If I spent a lot of time reading open source repos on GitHub to teach myself to code, and then went out and got a high-paying job based on that knowledge, is that ethical? This seems roughly analogous to what the machine is doing.
Regardless of the legality, one of these situations is clearly ethical compared to the other. In the case were you get a job based on your knowledge of GPL software, you still must respect the license if you use that code commercially (i.e. at your new job). And yes, if you reproduce GPL code you "learned" from, you are violating the license.
A company ingesting an entire GPL codebase without warning or any way to opt-out in order to create a closed-source feature that they and only they will profit off of is clearly not the same as an individual reading the code and getting a job based on those ideas.
You're intentionally conflating scale here to make them seem the same.
> no warning that somebody/something is ingesting the repo
An individual reading code on their own time is not the same as ingesting terabytes to train a machine. No matter how much you believe in AI working similar to the human learning (it doesn't), they are not comparable.
> private profit
Again, the difference between an individual reading code to work for a salary is orders of magnitude different from ingesting terabytes of code so a company can create a new feature. Claiming these things are the same only makes sense if you ignore the massive differences in scale and the differences between how humans and machines learn.

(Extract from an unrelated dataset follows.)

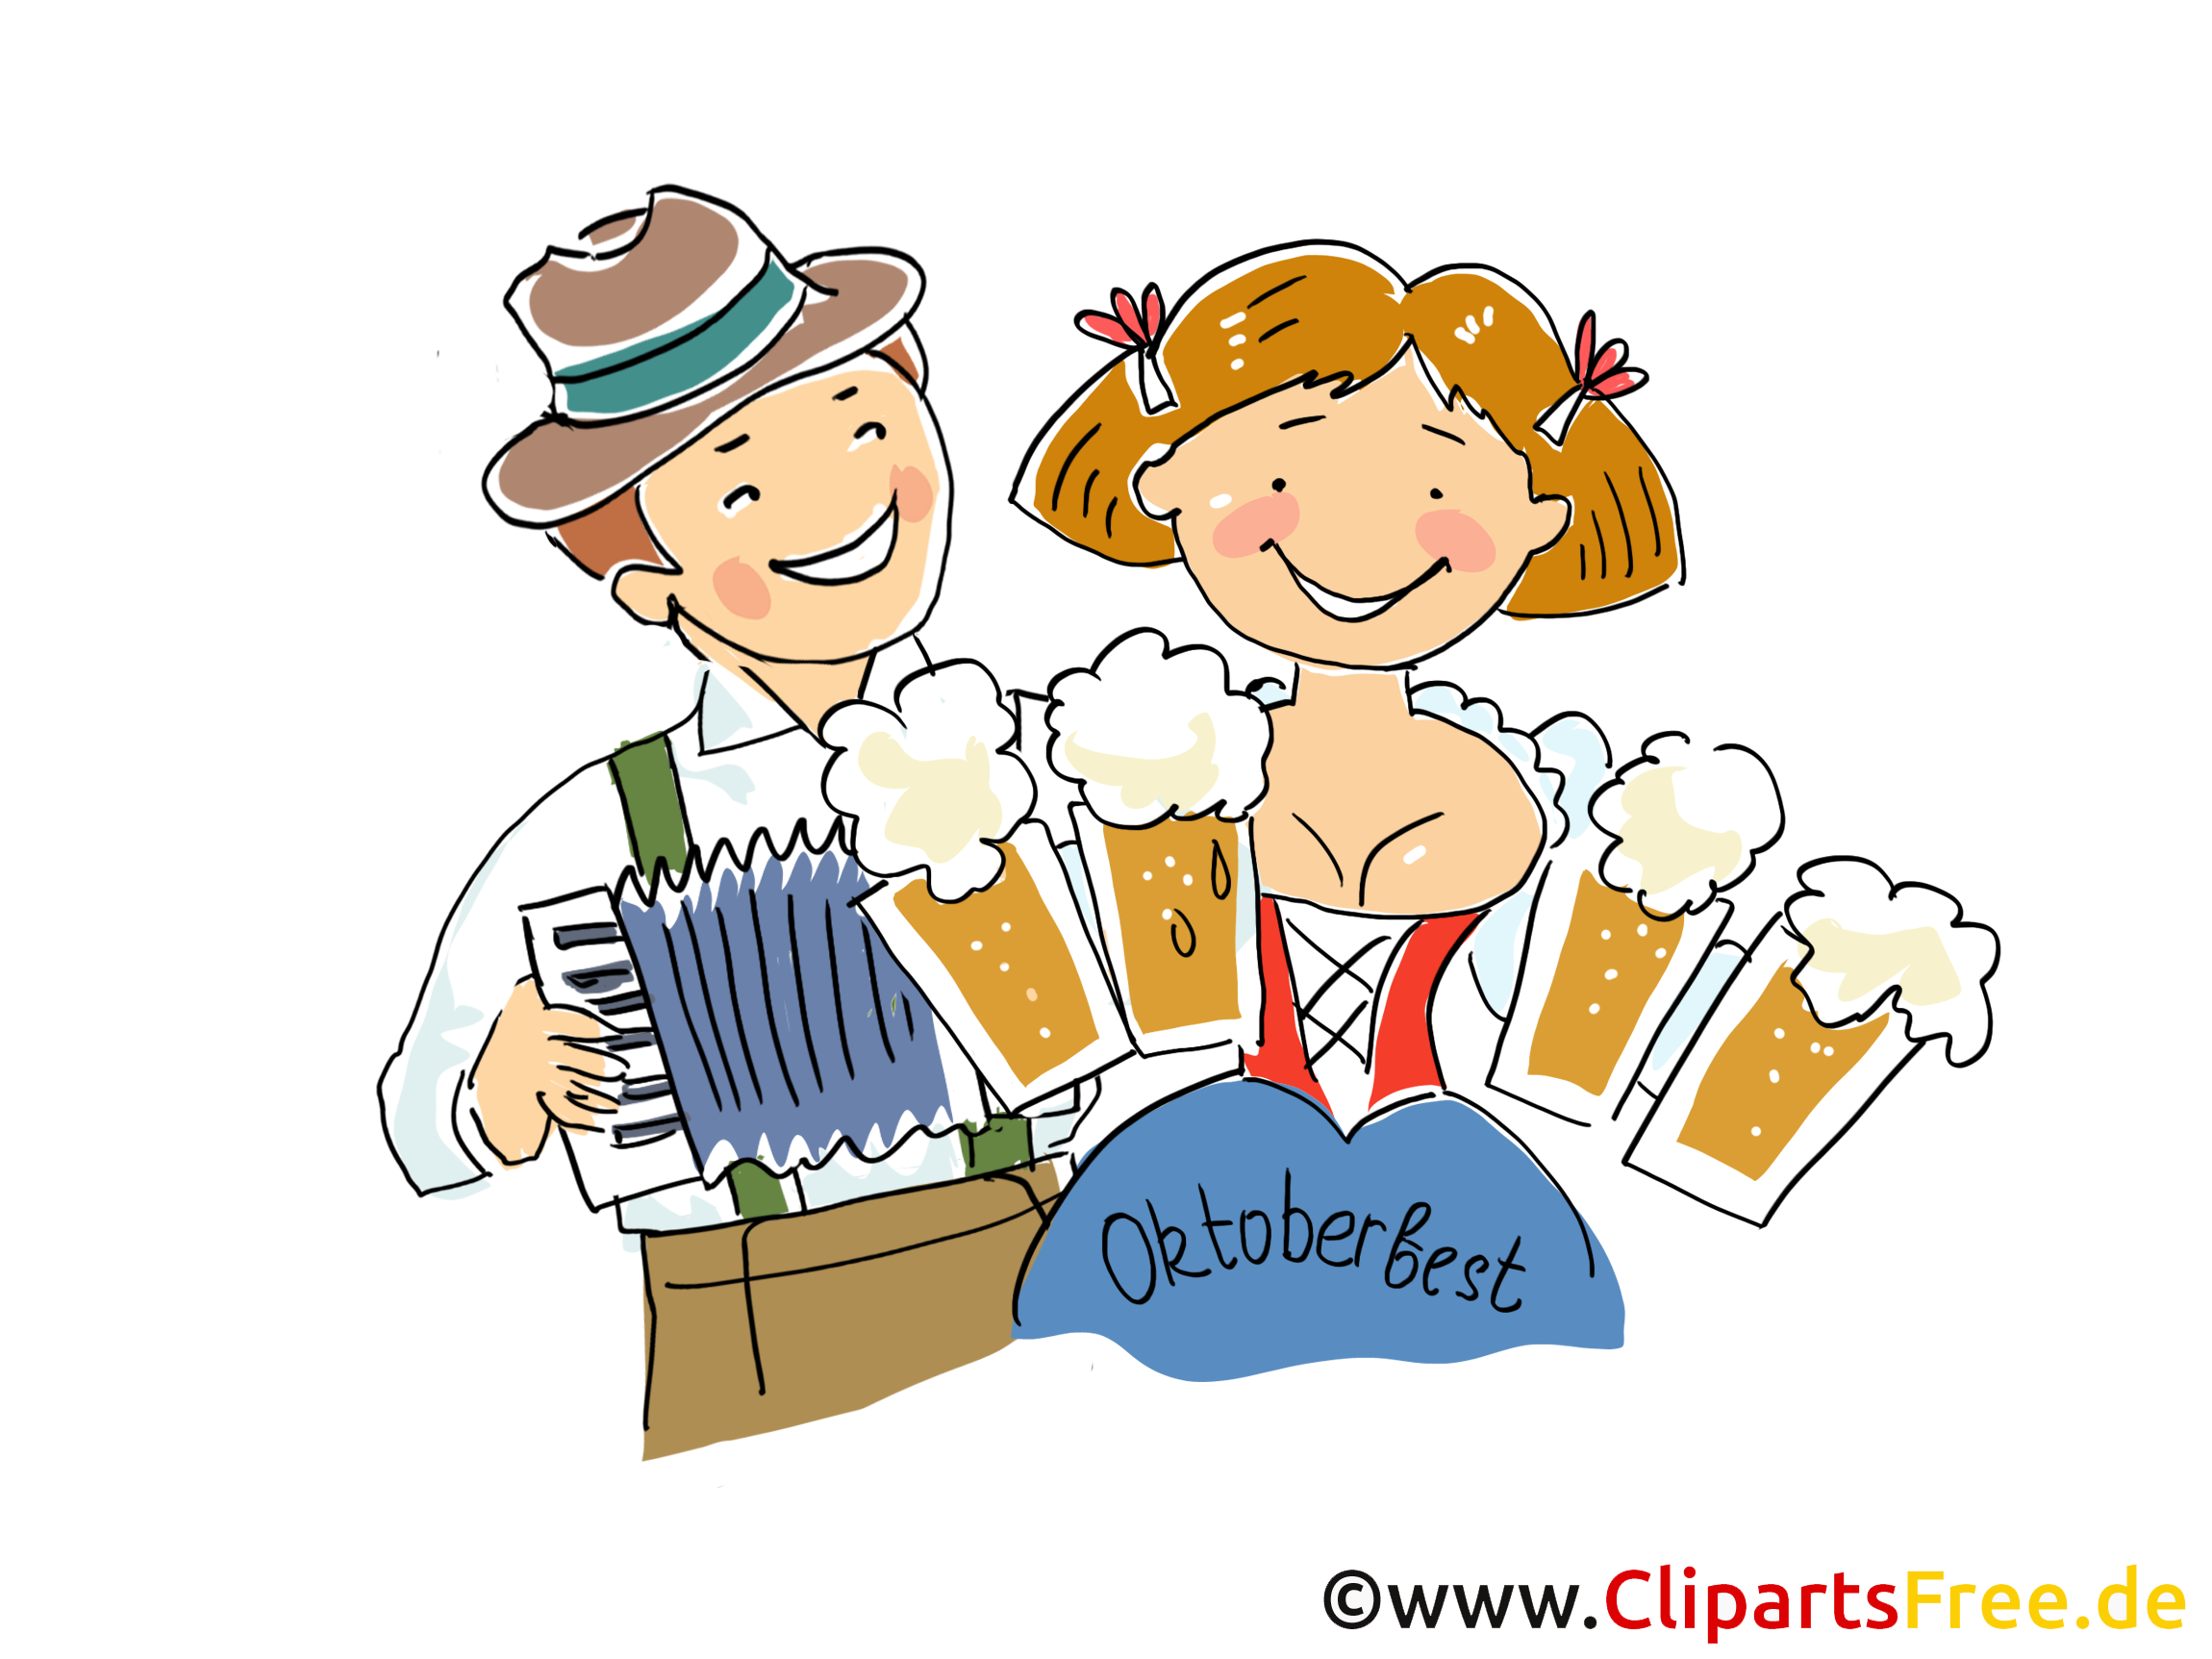 Clipart oktoberfest kostenlos.

> Is it unethical to use software for profit?
When the licenses explicitly say that if you use the software for profit it requires attribution, the answer is clearly yes. My code on github is licensed such that if you use it, you must say where it came from. The only way this isn't at the very least unethical (because it goes against my wishes as owner of the code) is if you argue that github isn't "using" the code, which clearly isn't true, because if everyone was able to opt out there wouldn't be a product for github to be working on at all.